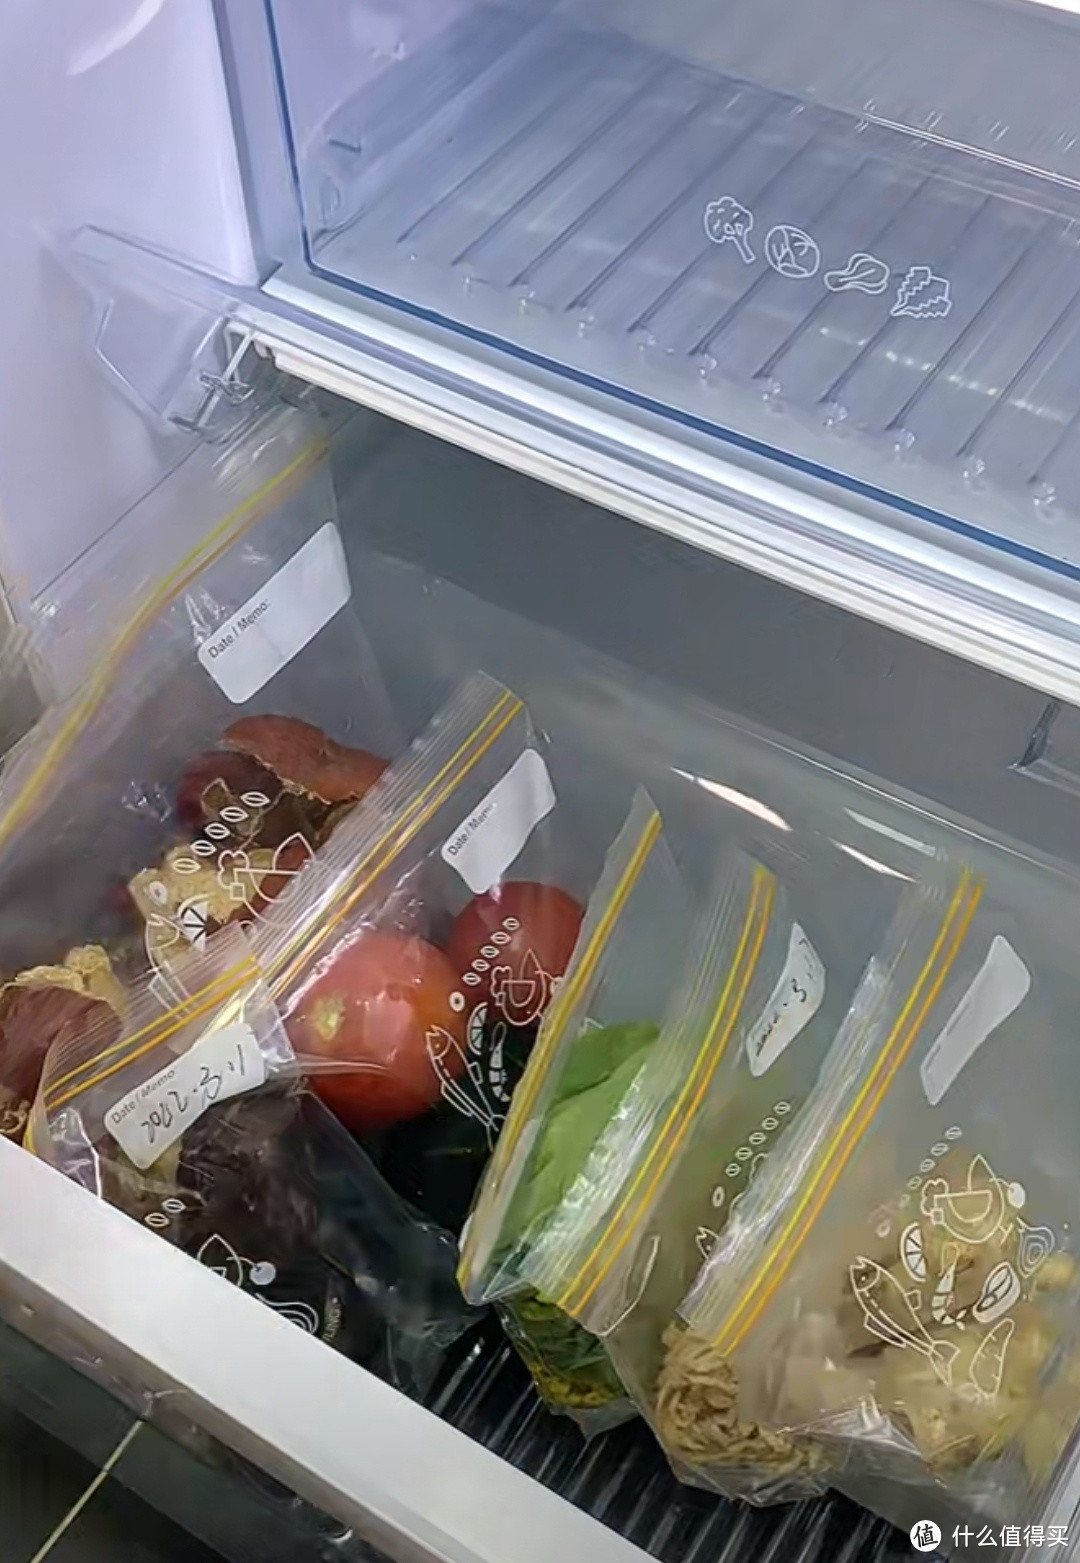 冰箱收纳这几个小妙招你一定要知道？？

---

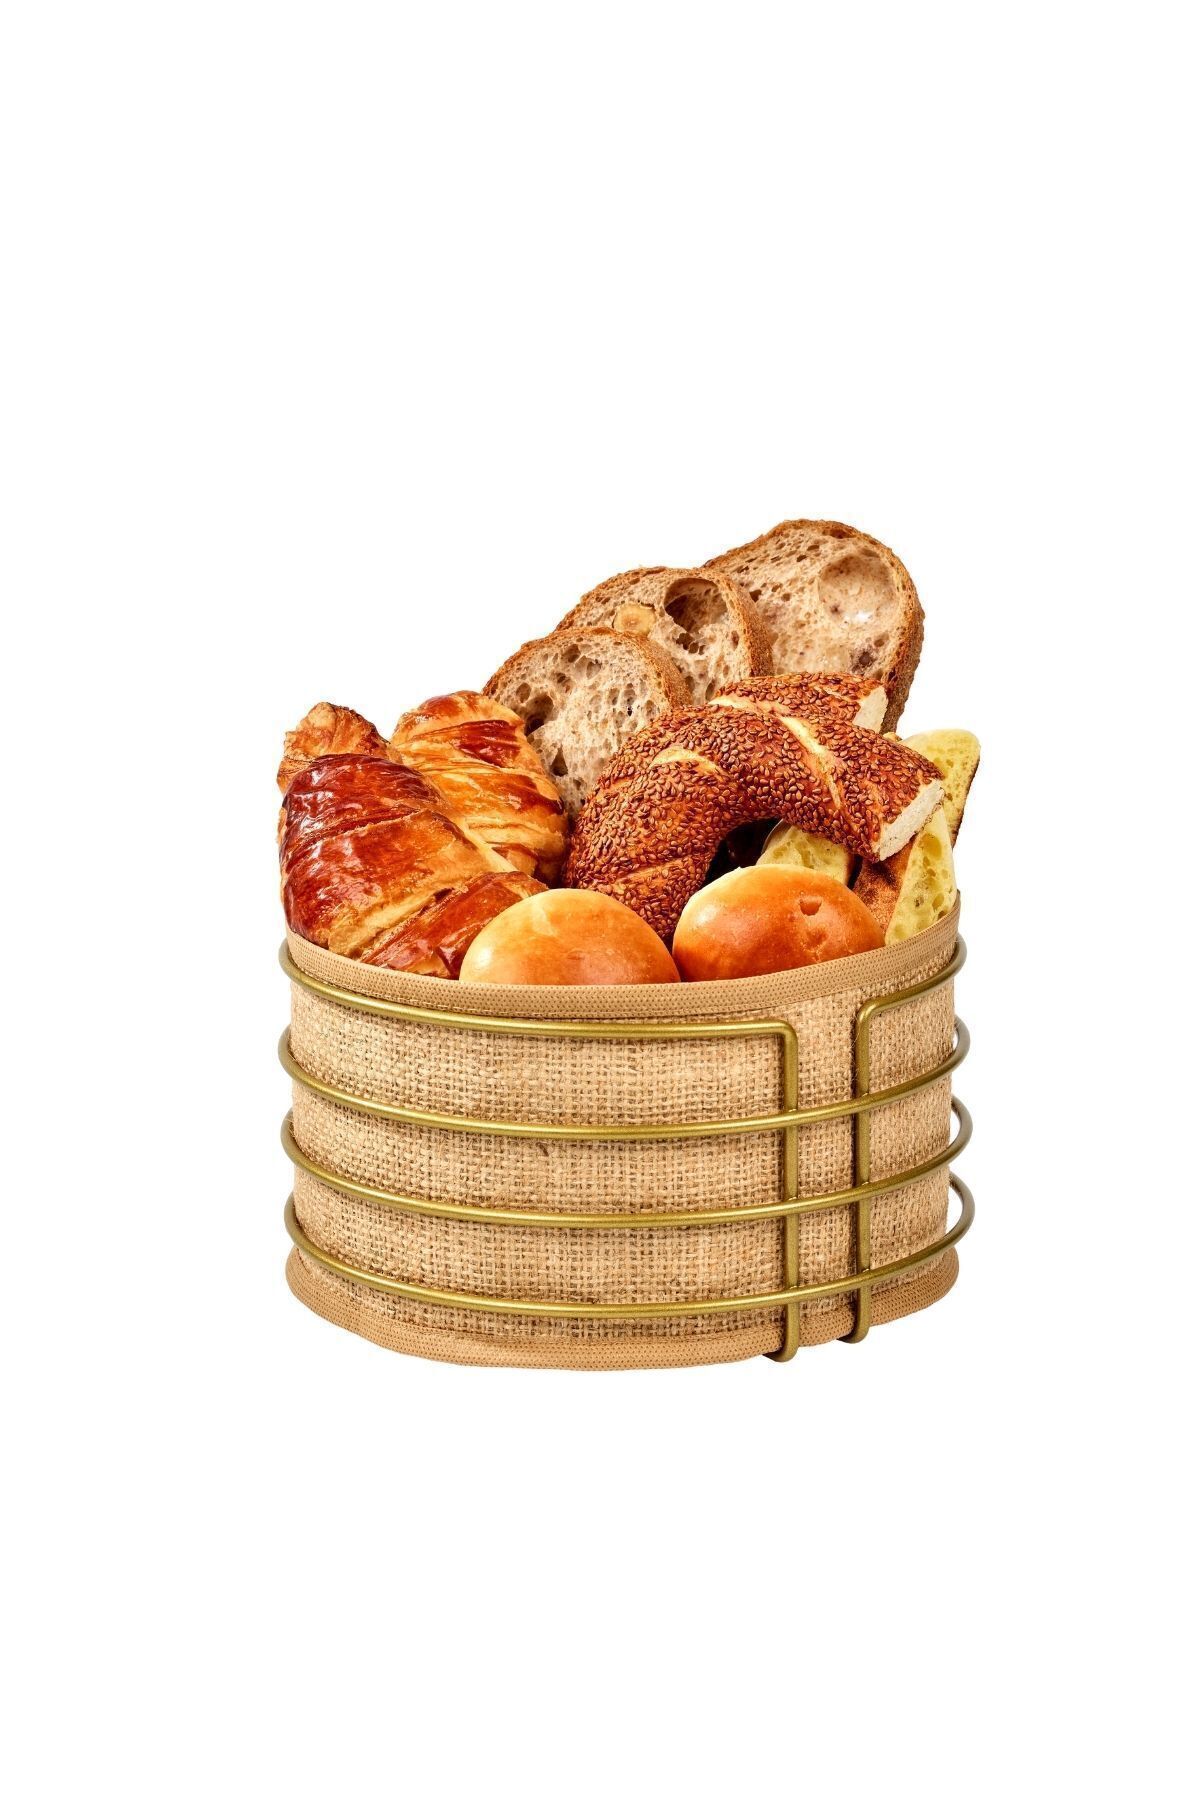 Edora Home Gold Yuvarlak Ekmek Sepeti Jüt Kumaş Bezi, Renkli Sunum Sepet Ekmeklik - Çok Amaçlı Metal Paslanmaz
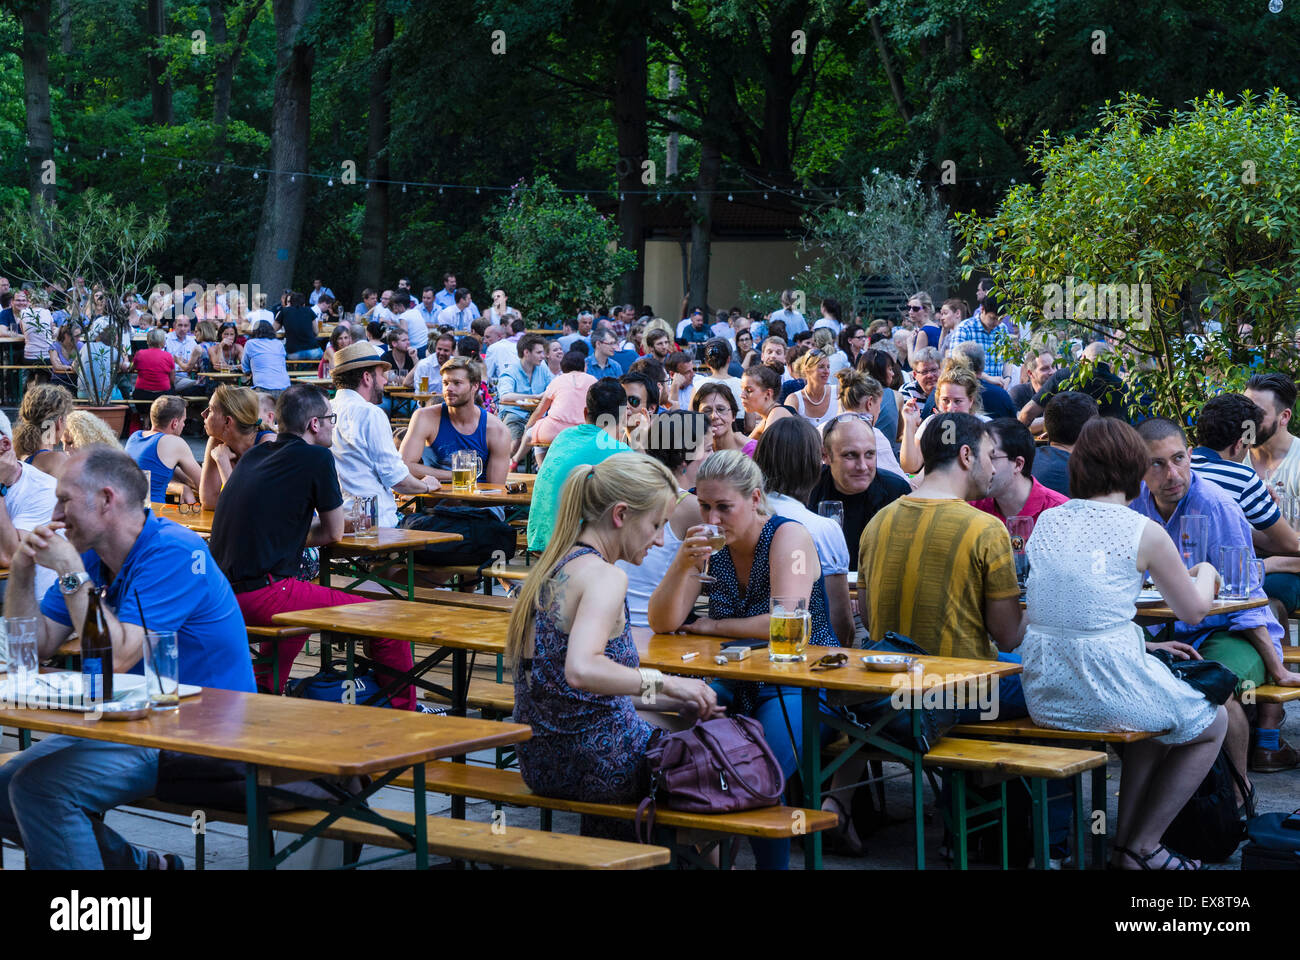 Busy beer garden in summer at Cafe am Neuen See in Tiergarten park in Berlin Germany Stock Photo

Exercise
Repeat exactly the lines above, beginning at the one containing "Edora Home Gold" and ending at the one containing "Busy beer garden". Do not carry over any pictures.

Solution below
 Edora Home Gold Yuvarlak Ekmek Sepeti Jüt Kumaş Bezi, Renkli Sunum Sepet Ekmeklik - Çok Amaçlı Metal Paslanmaz
 Busy beer garden in summer at Cafe am Neuen See in Tiergarten park in Berlin Germany Stock Photo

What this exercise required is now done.